The chair Frank had tied me to still sat upright, but the one Oggie’d been sitting on lay on its side, pieces of tape still attached where his wrists and ankles had been. Dried blood stained the floor surrounding the chair. The scene blurred as tears welled in my eyes.

Oggie died because of me.

I angrily wiped the tears away and took a deep breath to clamp down on my emotions and continue my search.

The fridge light blinked on when I opened the door. The only items inside were a few bottles of Pacifico sitting next to a moldy bolio and an empty box of insulin. I closed the door and walked over to the small night stand next to the bed. The top drawer held a torrid romance and pair of reading glasses, along with a bottle of sleeping pills, but no keys. I looked under the bed, wondering what happened to Wild Bill. I quickly checked everywhere in the house a cat might hide, even though I knew Wild Bill would have come out to greet me if he was still around. Part of me wanted to stop looking, in case I did find him. The tiny bathroom held only the dirty litter box, and it didn’t look like it had been used recently.

I gave up the search and walked back into the living room, ready to leave.

A car door slammed.


Cold fear arced up my spine. Gravel crunched outside the door.

I sprinted to the back door and slipped through just as the front door opened.

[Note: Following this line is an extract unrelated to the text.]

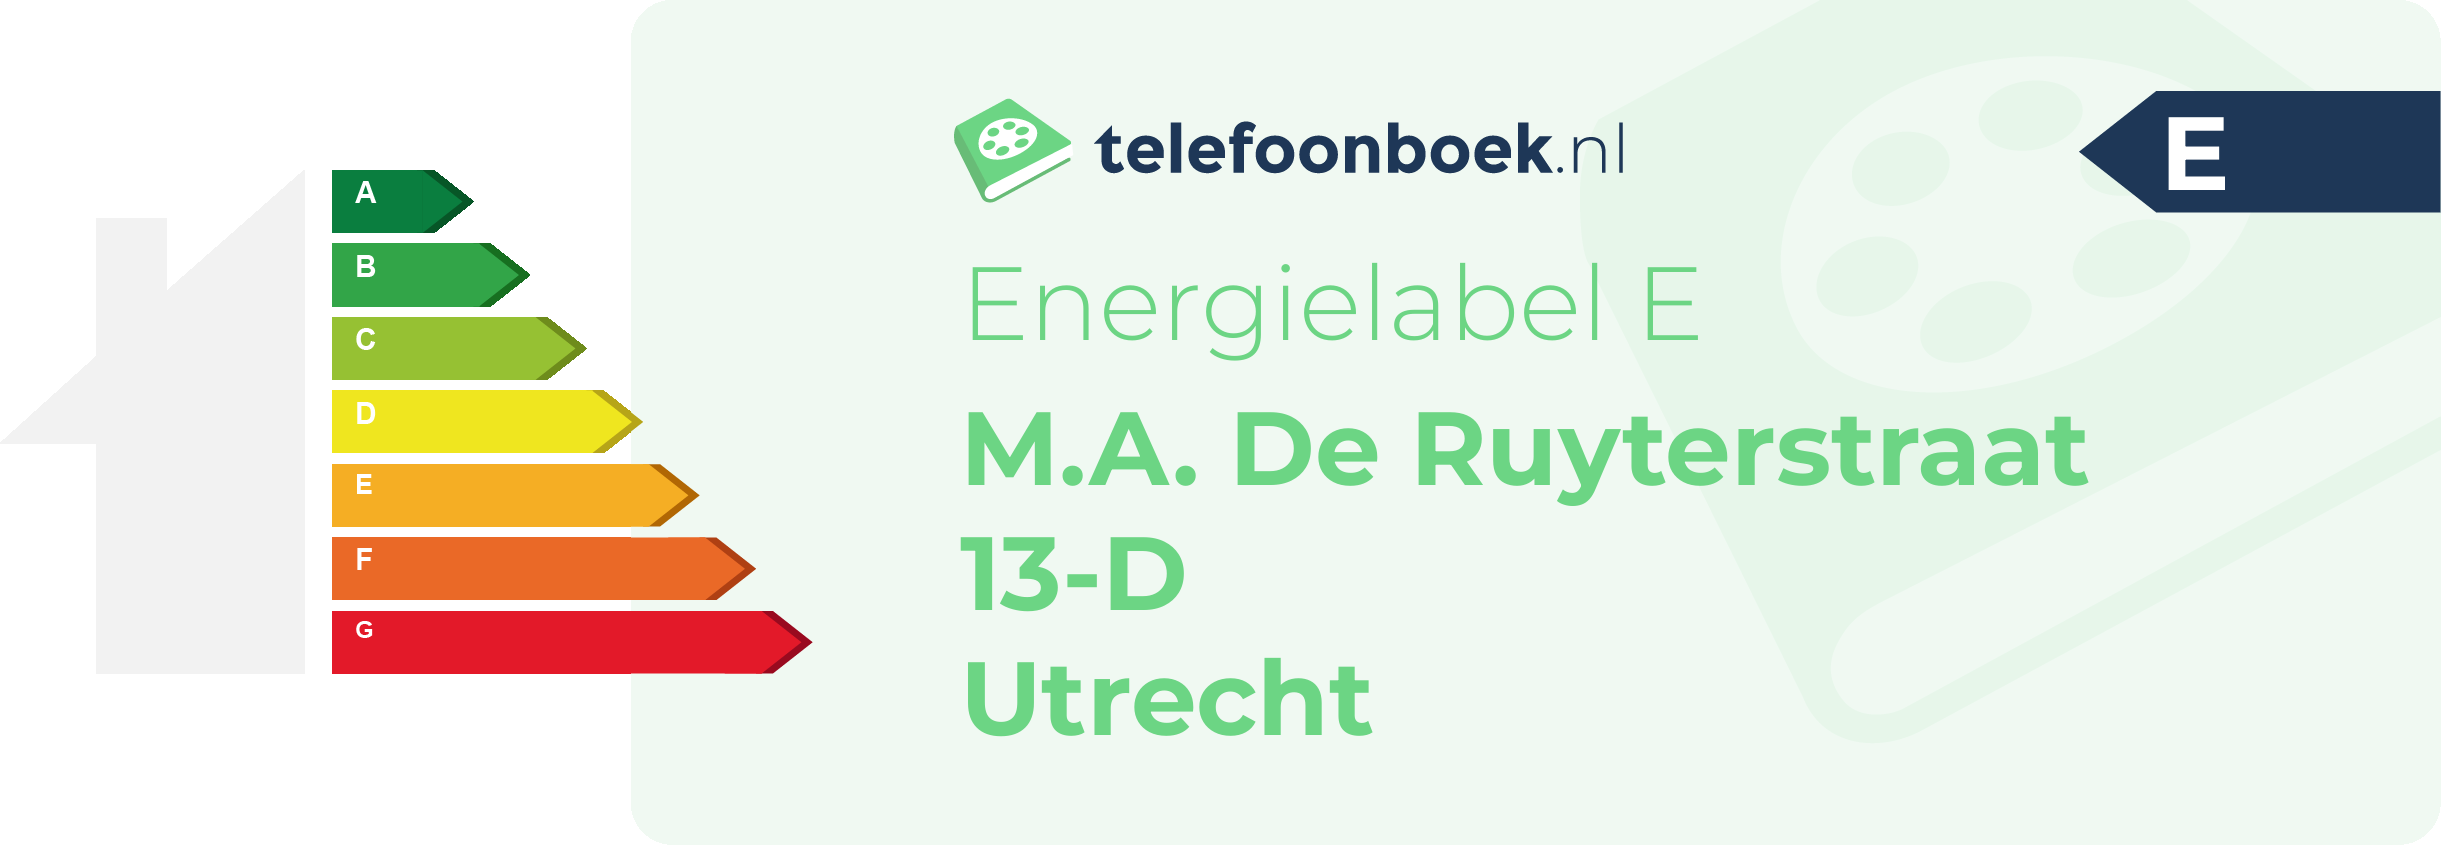 Energielabel M.A. De Ruyterstraat 13-D Utrecht

“If Frank is right and she does come back, I’ve got a little present for her.” The man spoke gutter Spanish. The other man mumbled something I didn’t catch. Probably because of the blood pounding in my ears.

“Who’s going to know? He wants her dead. What we do before we kill her will be our little secret, eh?” The men’s laughter ricocheted off the walls of the small house.

I backed away from the window, careful not to make any noise. Once I’d gone a few feet, I spun around and slammed into an old bicycle, connecting to it with a thud. I grabbed it before it toppled, and froze, waiting for the two men to come running out after me. I started to breathe again when the laughter resumed inside the house. I skirted the mesquites and slipped behind the cellar, hopped the low fence and started running.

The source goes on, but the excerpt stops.